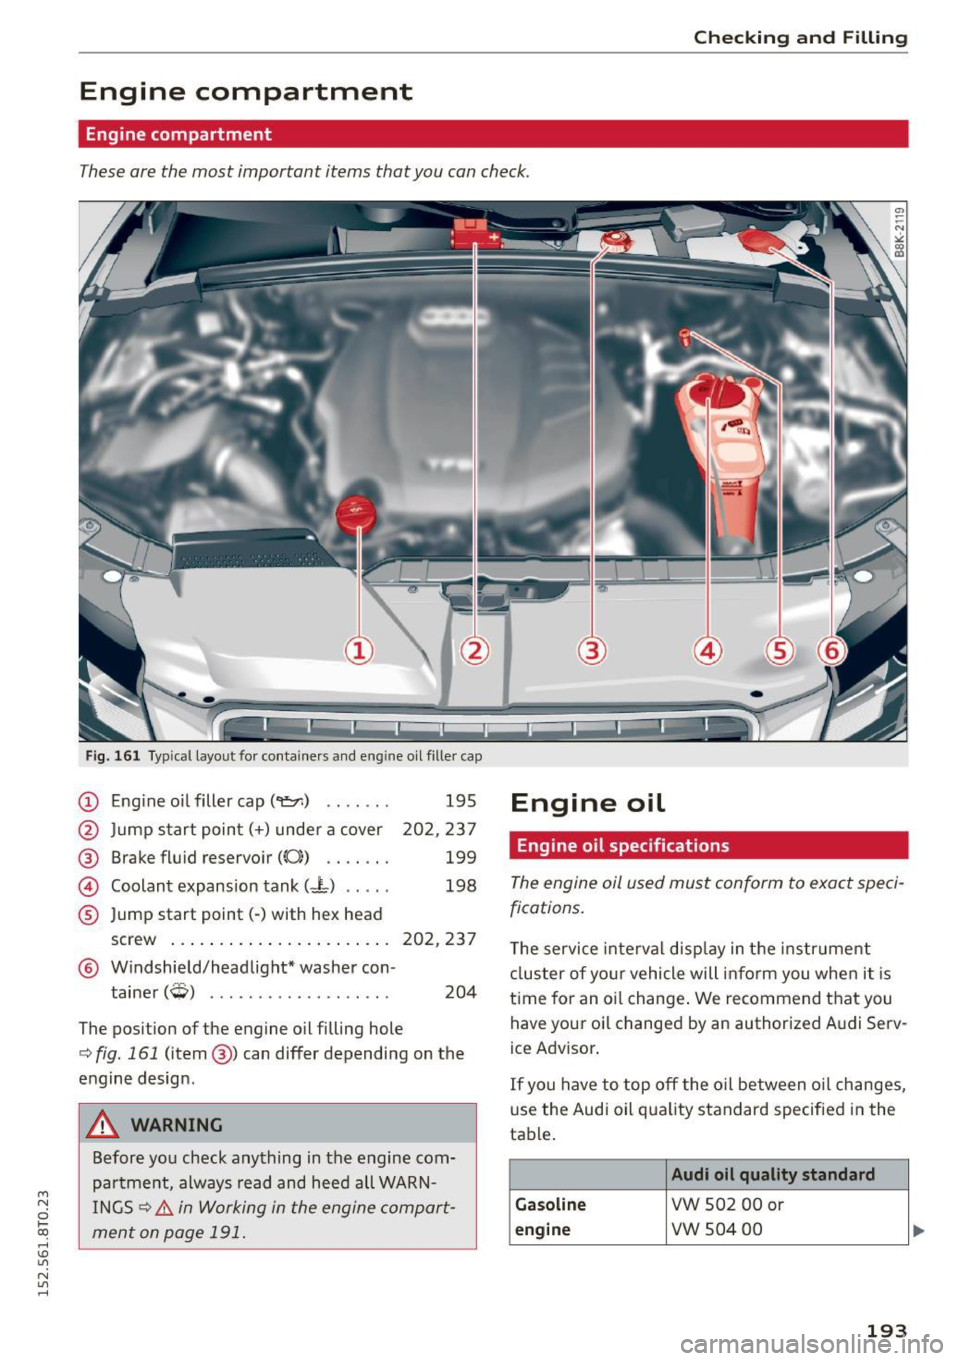 AUDI A5 2015  Owner´s Manual M N 
0 l­oo 
rl I.O 
" N 
" rl 
Checking and Filling 
Engine  compartment 
Engine  compartment 
These are the  most  important  items  that you  can check. 
Fig. 161 Typical  layout  for  container

========================================

* **Exercise details**
I'd like the material repeated word for word, without the pictures it holds.

* **Task answer**
 AUDI A5 2015  Owner´s Manual M N 
0 l­oo 
rl I.O 
" N 
" rl 
Checking and Filling 
Engine  compartment 
Engine  compartment 
These are the  most  important  items  that you  can check. 
Fig. 161 Typical  layout  for  container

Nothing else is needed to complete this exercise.